Я зачитываю ему клички лошадей и их шансы на выигрыш.
Он то и дело ударяет кулаком воздух.
– Кандидат на выигрыш, – приговаривает он.
Я не поднимаю глаз от газеты, но чувствую металлический запах химиотерапии, который исходит от его кожи, и слышу шум его капельницы. Но до предела меня доводят его тапочки. Пара тапочек, которые стоят под его койкой. Прямо как у отца.
Слезы, которые я сдерживала последние несколько дней, вырываются из меня таким бурным потоком, что я опрокидываю стоящий рядом с койкой стакан с водой.
– Простите, – говорю я, – пожалуйста, извините меня.
Я встаю, собираясь уйти, но он хватает меня за руку. Он заставляет меня сесть обратно в кресло, и вот тогда я позволяю себе поплакать. Он притягивает меня к своему плечу и, обняв, прижимает к себе, к своей рокочущей груди, так что его ребра втыкаются мне в скулы. Слезы льются быстро и свободно. Должно быть, промелькнуло всего несколько секунд, но мне показалось, будто прошло гораздо больше времени, пока он был медбратом, а я – пациенткой.
– Не держи в себе, девочка.
– Простите. Это непрофессионально с моей стороны. Это я должна помогать вам.
– Ерунда, – отвечает он. – Все мы должны помогать друг другу.

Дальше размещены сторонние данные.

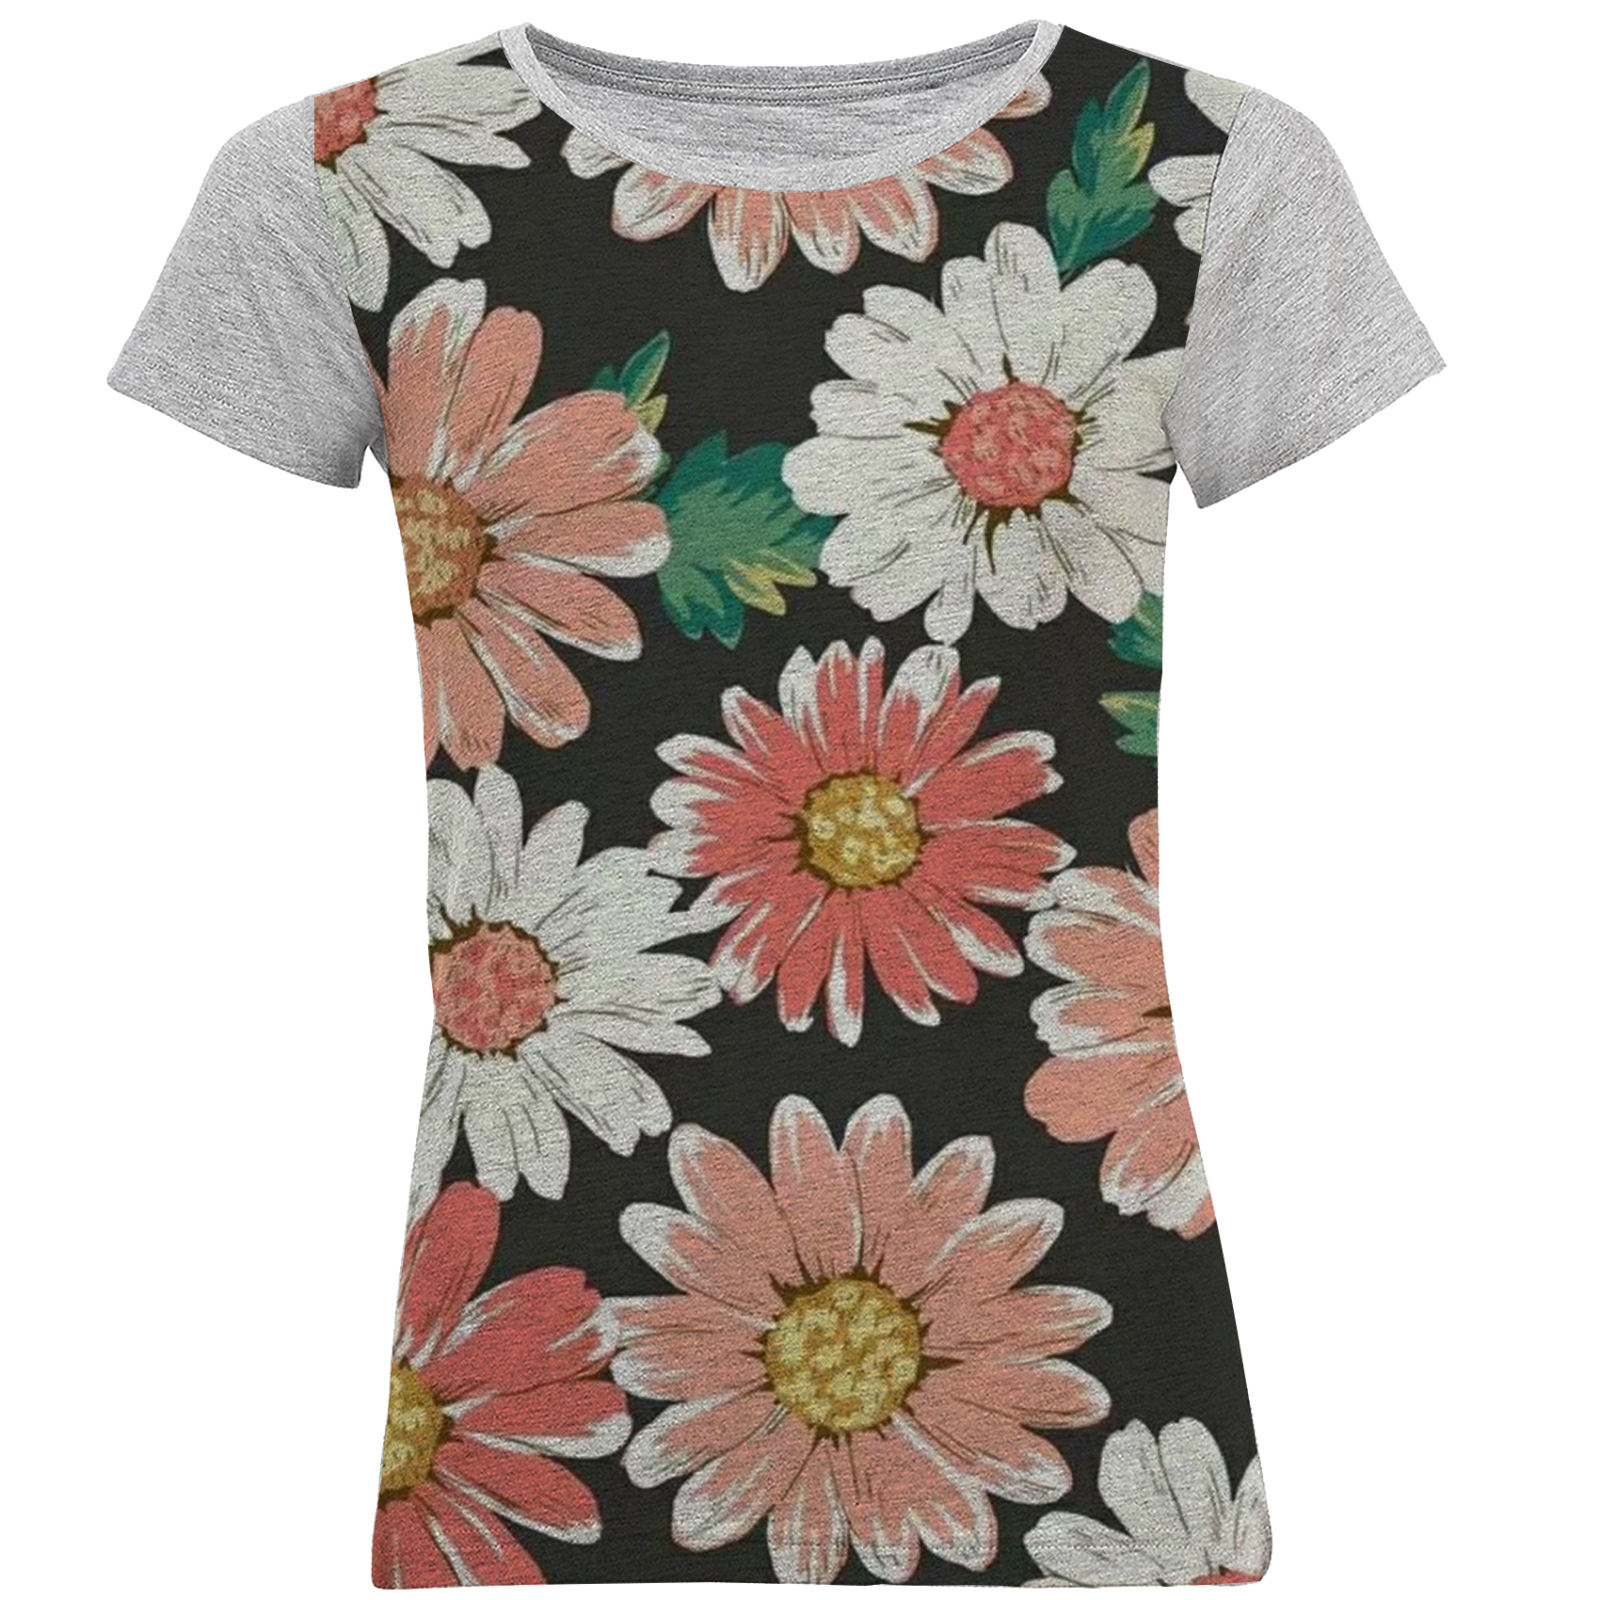 تی شرت آستین کوتاه زنانه کد M07 -  - 3

Я все плачу, и плачу, и плачу, и каждой клеточкой своего существа желаю, чтобы этим пациентом, который сейчас меня обнимает, который умирает от рака, был мой отец.

 

Шерил пришла на похороны отца. Она стоит позади остальных, около двери, в стороне от друзей и родственников покойного, стараясь вести себя ненавязчиво и уважительно. Я стою впереди и обнимаю маму, рядом плачут дети, но даже отсюда я вижу, что лицо Шерил залито слезами.
Мой брат благодарит Шерил, произнося прощальную речь.
– Она помогла моему отцу умереть, не потеряв достоинства, без боли – именно так, как он хотел. Она помогла ему добраться до хосписа в тот тяжелый день, когда маме это было так нужно. Она заставила его поехать туда, пообещав, что во время обхода он получит виски. И он его получил. Она была на связи каждый раз, когда я писал ей из Лондона – и днем, и ночью, и вышла на работу в свой выходной, когда узнала, что конец близок. Разумеется, она вела себя профессионально. Но на самом деле она сделала для нас гораздо больше. Для моей семьи она была медсестрой. Для моего отца она была другом. Она его любила. И отец ее тоже любил.
Когда настает моя очередь говорить, я встаю и чувствую, что у меня подкашиваются колени. Я с трудом добираюсь до кафедры, стараясь не смотреть на маму и не думать о том, как выглядит тело отца, лежащее в гробу за моей спиной. Я умею находить слова, но сегодня мне нечего сказать. Вместо этого я зачитываю слова отца – написанный им самим текст, который мне помогла найти Шерил. Она поддерживала его в обдумывании похорон, принятии решения о том, чего он хочет. Маме она тоже помогла все спланировать. Шерил сказала ей, что официально ее намерение развеять прах отца над морем, скорее всего, потребует специального разрешения, но тогда мама рассказала ей о местном дюжем рыбаке, у которого была лодка и полностью отсутствовало уважение к правилам. «Такой человек пришелся бы Иану по душе», – ответила Шерил.
Я не смотрю на маму, пока читаю слова отца. Но мельком бросаю взгляд на лицо Шерил. Я не знаю, смогу ли говорить. У меня в горле стоит ком. Но ее едва заметный кивок придает мне сил, я держу листок перед собой, выпрямляю спину и вслух читаю:
– «Единственное, что имеет значение, – это любовь. И я сейчас имею в виду и себя, и вас: это любовь, которую вы делите с женой или мужем, с возлюбленным, с сыном или дочерью, ну и, возможно, самая драгоценная любовь – та, которую вы испытываете к своим внукам. Я имею в виду любовь столь глубокую, что вы готовы отдать жизнь, лишь бы сохранить ее. Любовь столь возвышенную, что она помогает вам краем глаза увидеть рай, и вы начинаете в него верить. Может быть, некоторые из вас его уже видели. Может быть, некоторым из вас повезло так же сильно, как и мне. Это все, что я хочу сказать. Влюбляйтесь. Это единственное, что в конечном счете имеет значение. Любите друг друга».